Я использовал легкий чемодан в качестве рюкзака, чтобы катиться, так что мне не пришлось поднимать его и рисковать травмой суставов. Я сидел на мягком стуле учителя, потому что стулья учеников были слишком жесткими и оставляли синяки на позвоночнике.
Классная комната была недоступна. Я выделился Но «больше ничего» школа не могла сделать для меня.
Мистер С. каждую пятницу носил коровий костюм и играл на стереосистеме Sublime и давал нам учиться, или писать, или читать. Мне не разрешили иметь компьютер, чтобы делать заметки, и я отказался иметь писца, поэтому я в основном сидел там, не желая привлекать к себе внимание.
Однажды мистер С. подошел ко мне, прижав губы к взрывной песне, и присел на корточки рядом с моим стулом. В воздухе пахло мелом и старыми книгами. Я переместился на свое место.

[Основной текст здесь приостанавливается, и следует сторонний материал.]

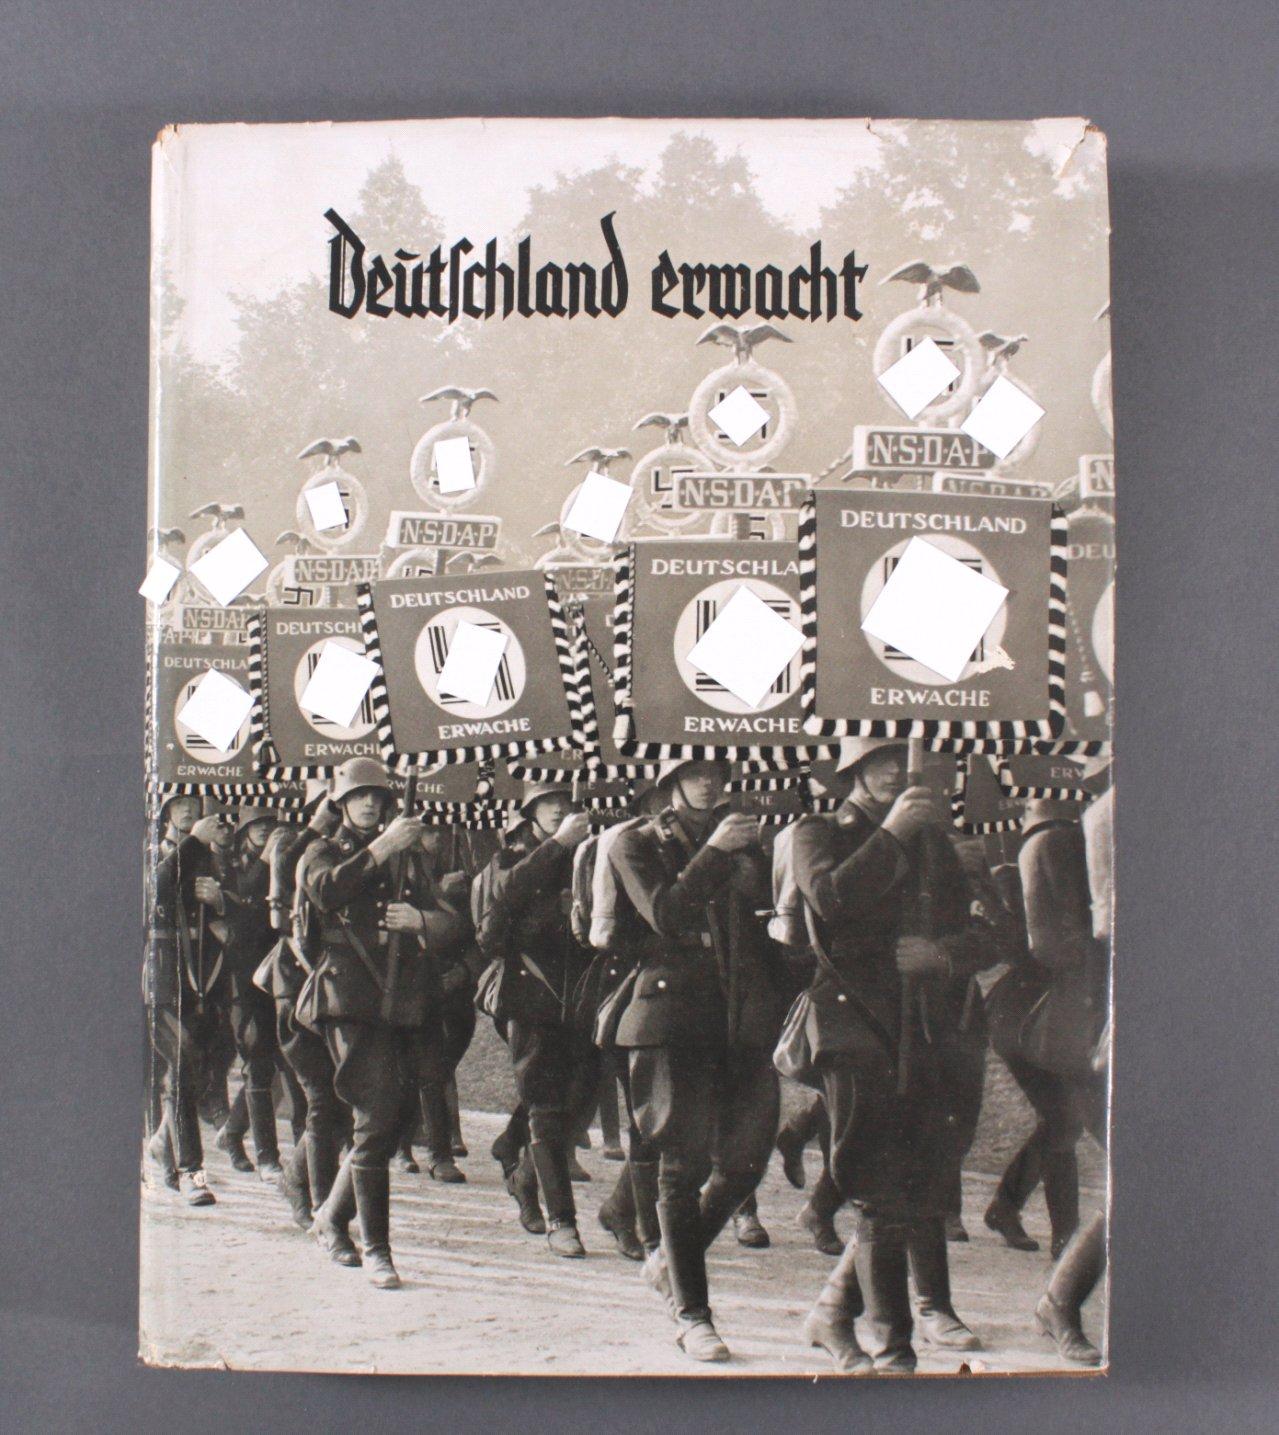 Sammelalbum, Deutschland erwacht

«В понедельник мы собираемся украсить огромный плакат с нашими любимыми цитатами сэра Гавейна», - сказал он. Я села немного выше, кивая, чувствуя, что важно, что он говорил мне это - что он подошел поговорить со мной. Он покачал головой в такт и открыл рот:
«Мы собираемся все сидеть на полу, чтобы рисовать, так что вы должны пропустить это, и я просто отправлю вам домашнее задание по электронной почте. Не беспокойся об этом
Мистер С. похлопал меня по спинке стула и начал петь громче, когда уходил.
Были доступные варианты, конечно. Мы могли бы поставить плакат на стол в моем росте. Я мог бы нарисовать часть этого там, или на отдельном листе, и прикрепить его позже. Мы могли бы заниматься другим делом, которое не включало бы мелкую моторику или наклоны. Я мог бы напечатать что-нибудь. Я мог, я мог …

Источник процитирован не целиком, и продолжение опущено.